What is EPR Certificate?

EPR Certificate
Reading Time: 3 minutes

EPR stands for Extended Producer Responsibility, and the EPR Certificate is compulsory for Indian Manufacturers or Imported products for E-waste management. EPR Authorization is provided by CPCB or Central Pollution Control Board under MoEFCC, Government of India.

EPR or Extended Producer Responsibility is the responsibility of every producer producing electronic or electrical equipment’s to move/shift the e-waste to an authorised dismantler or recycler to make sure environmentally sound management of such waste. It’s approved and certified by CPCB, whose main responsibility is to renew, refuse, or grant EPR and provide certification to producers of electrical or electronic equipment. The concept of the EPR Certificate is introduced to support improved recycling, collection, and treatment of waste.

Is it mandatory to get EPR Certificate in India?

For importers or manufacturers, it is compulsory to obtain the EPR Certificate in India to keep e-waste under control. But if importers or manufacturers fail to acquire the same, they won’t be able to operate in India. With this, importers or manufacturers have to face debarment, fine, or both.

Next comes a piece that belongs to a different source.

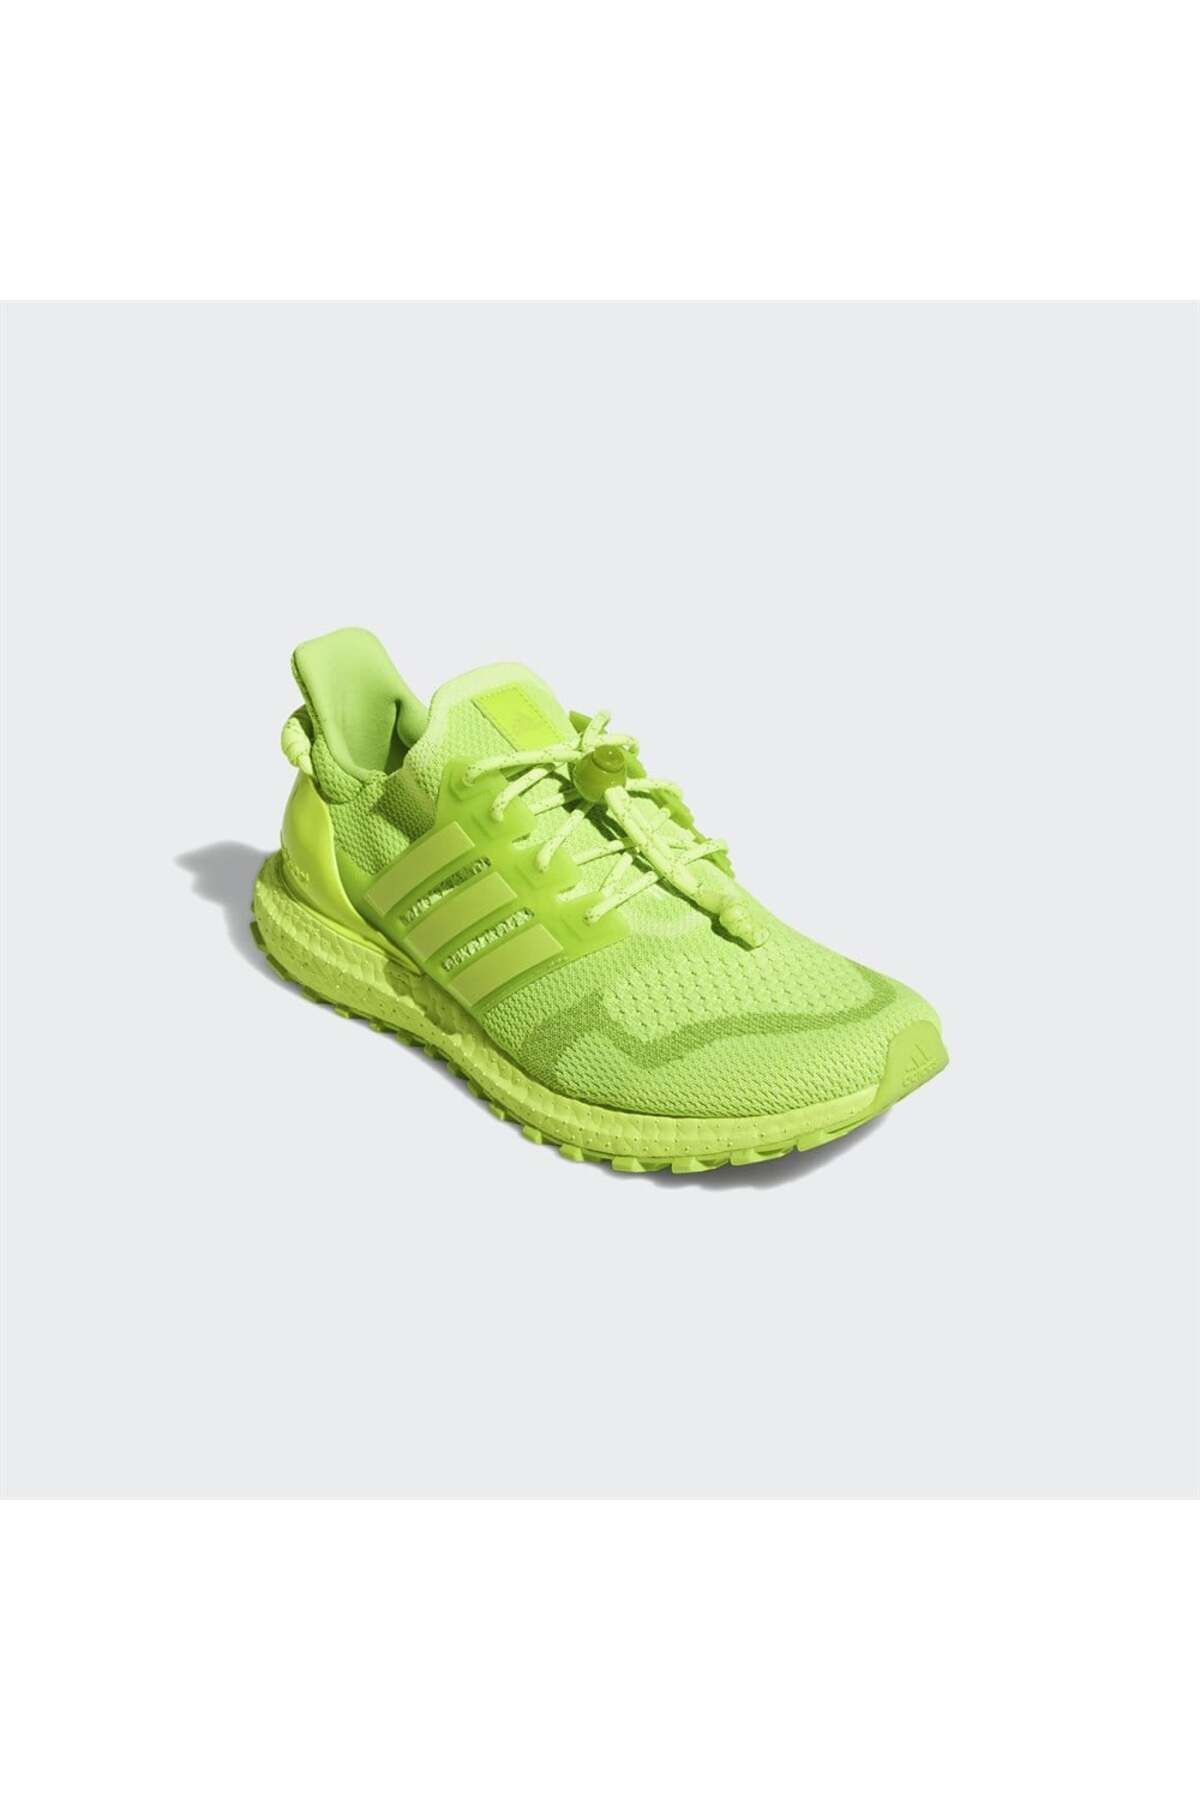 کفش کتانی دویدن و پیاده روی مردانه مدل IVP Ultraboost OG آدیداس Adidas
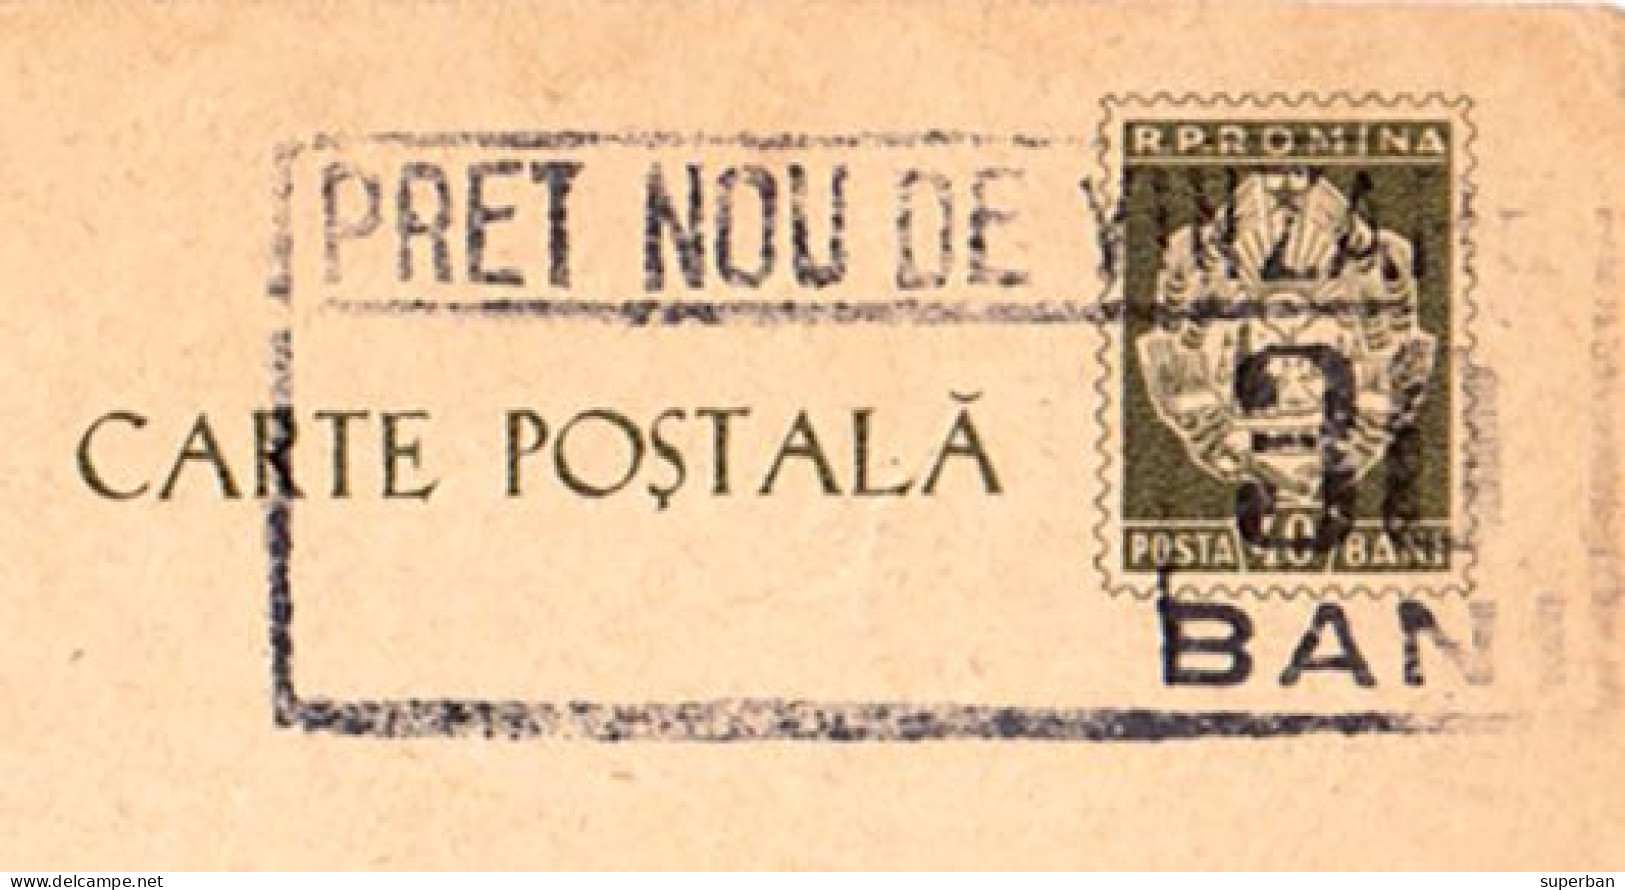 ROMANIA ~ 1961 - CARTE POSTALA Cu SUPRATIPAR : PRET NOU... : 30 BANI / 40 BANI - STATIONERY PICTURE POSTCARD (an671) - Enteros Postales

Benefits of EPR Certificate

Following are the benefits of the EPR Certificate:

  1. Promote Reuse of Product: The EPR plan manages to intensify the promptitude and ease dissembling the products or items for the process of reuse and recycling. Hence, you can reuse the product or item without affecting the need for new raw materials.
  2. Ensure Sustainable Development: EPR promotes or encourages the conservation of natural resources, decreases the quality of waste, eliminates pollution, etc. All these summarise sustainable development, which is vital for the customers & manufacturers.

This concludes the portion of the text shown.